§ **PROBLEM REQUIREMENTS**
Copy exactly, beginning with the line holding "Авиабилеты в Катар - забронировать онлайн" and ending with the final line of the data beneath this task; copy nothing else, and leave out every picture.

§ **DATA**

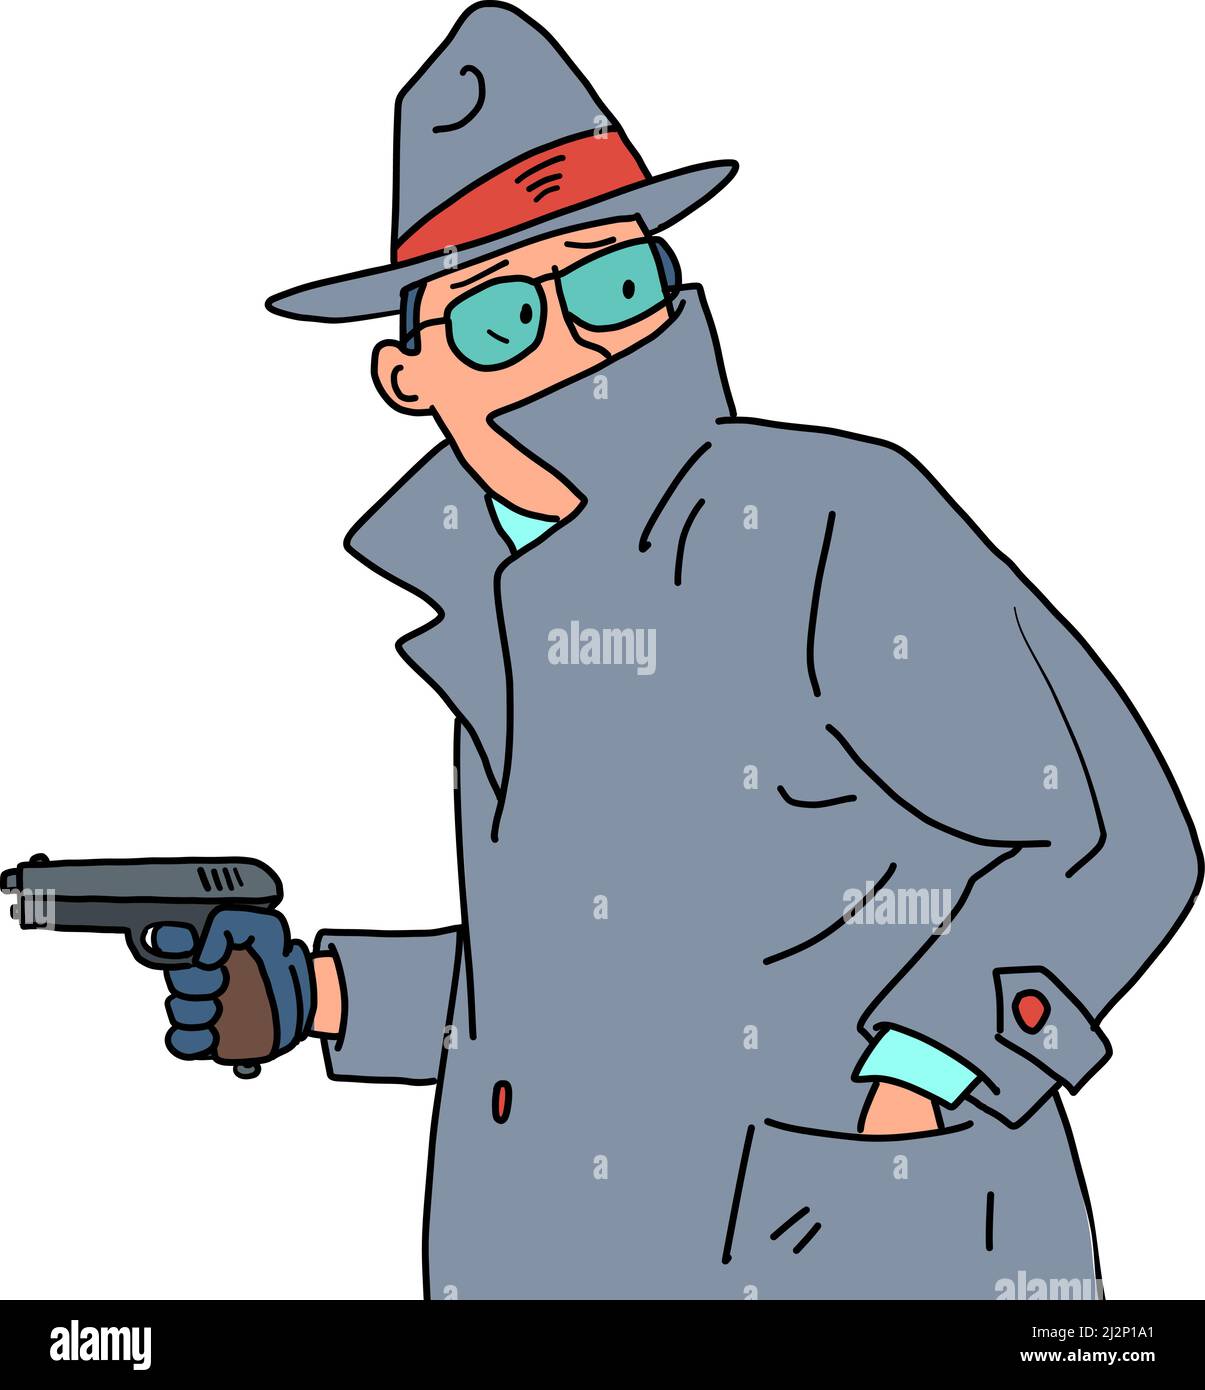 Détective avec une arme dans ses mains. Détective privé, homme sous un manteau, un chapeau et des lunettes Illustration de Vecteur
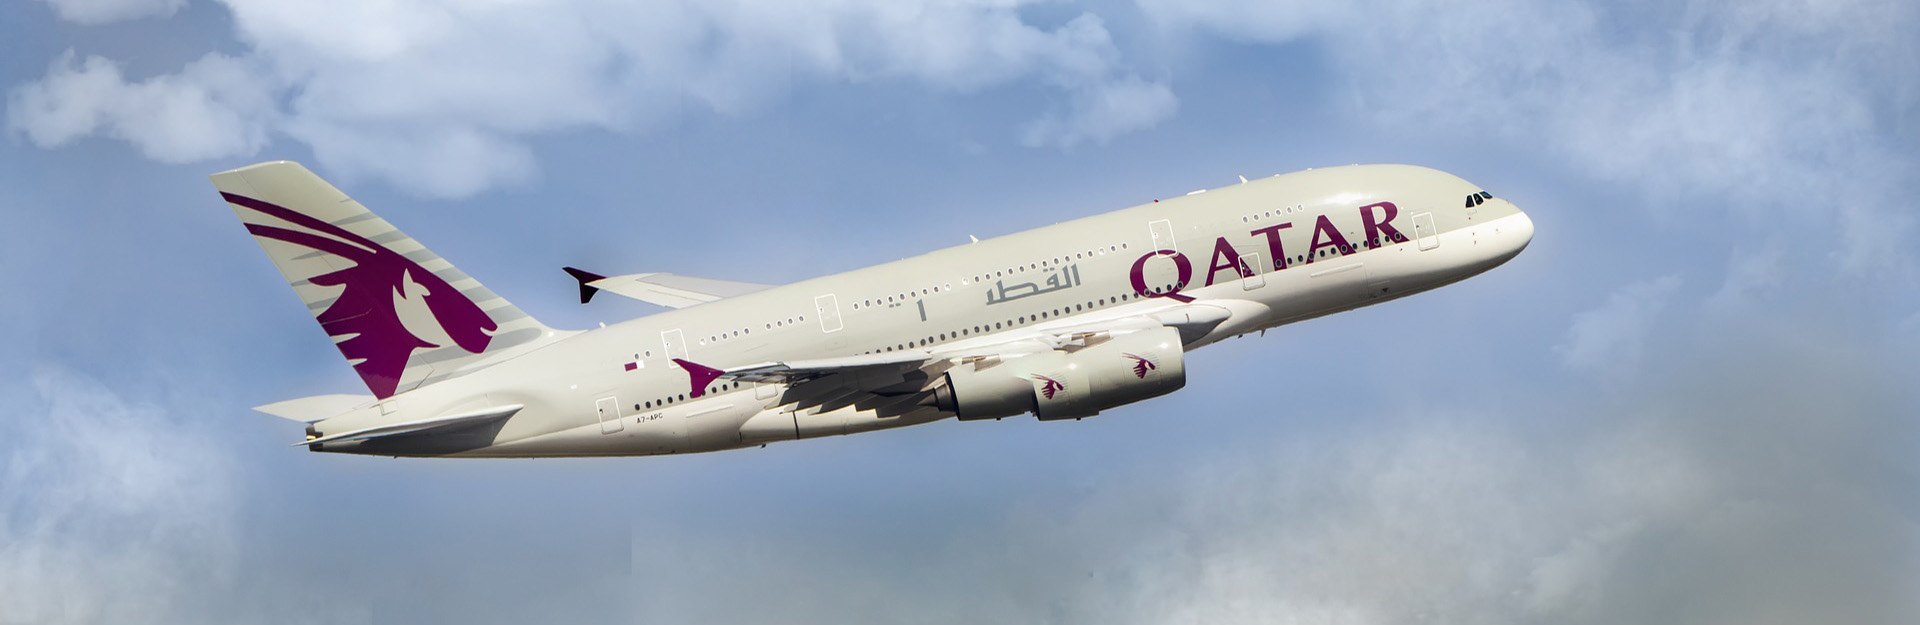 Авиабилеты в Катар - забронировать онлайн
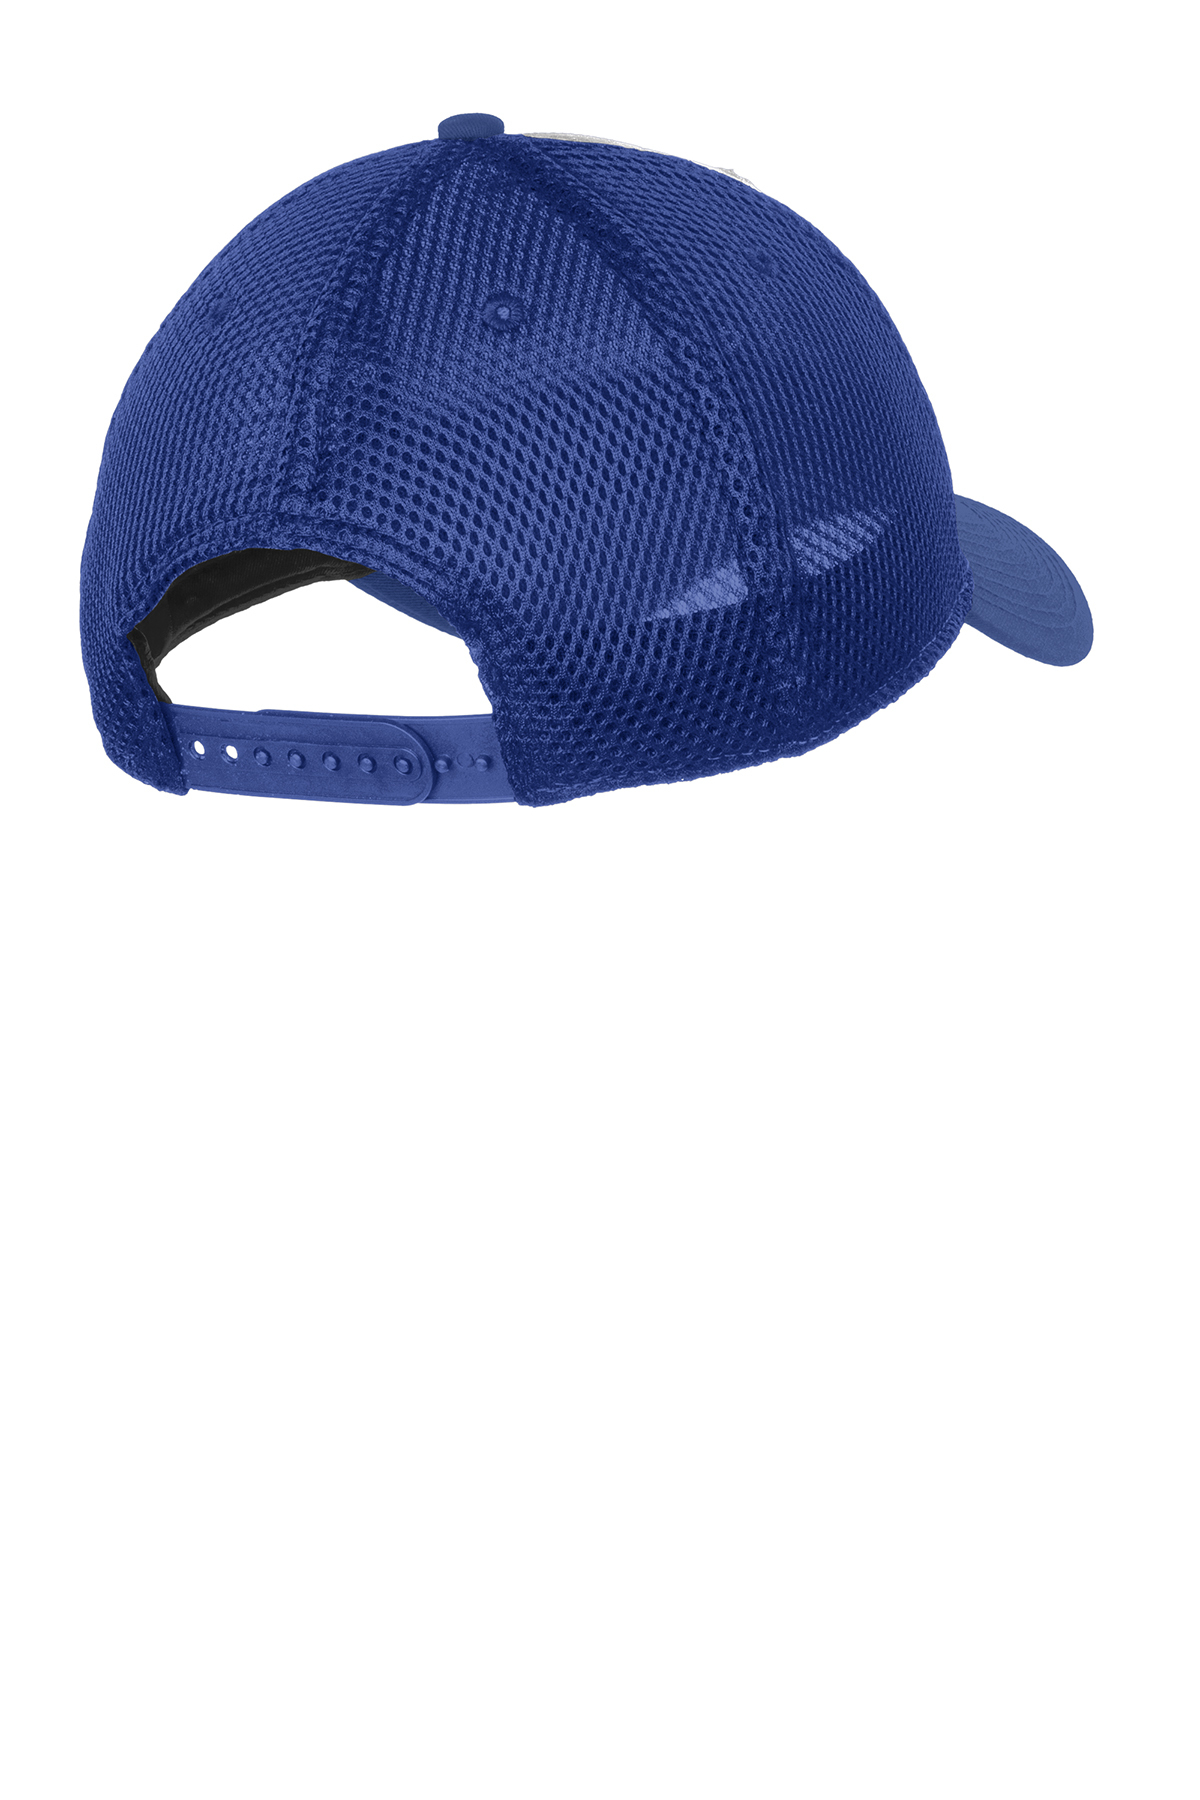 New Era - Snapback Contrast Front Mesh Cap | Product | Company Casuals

§ **OUTPUT**
 Авиабилеты в Катар - забронировать онлайн
 New Era - Snapback Contrast Front Mesh Cap | Product | Company Casuals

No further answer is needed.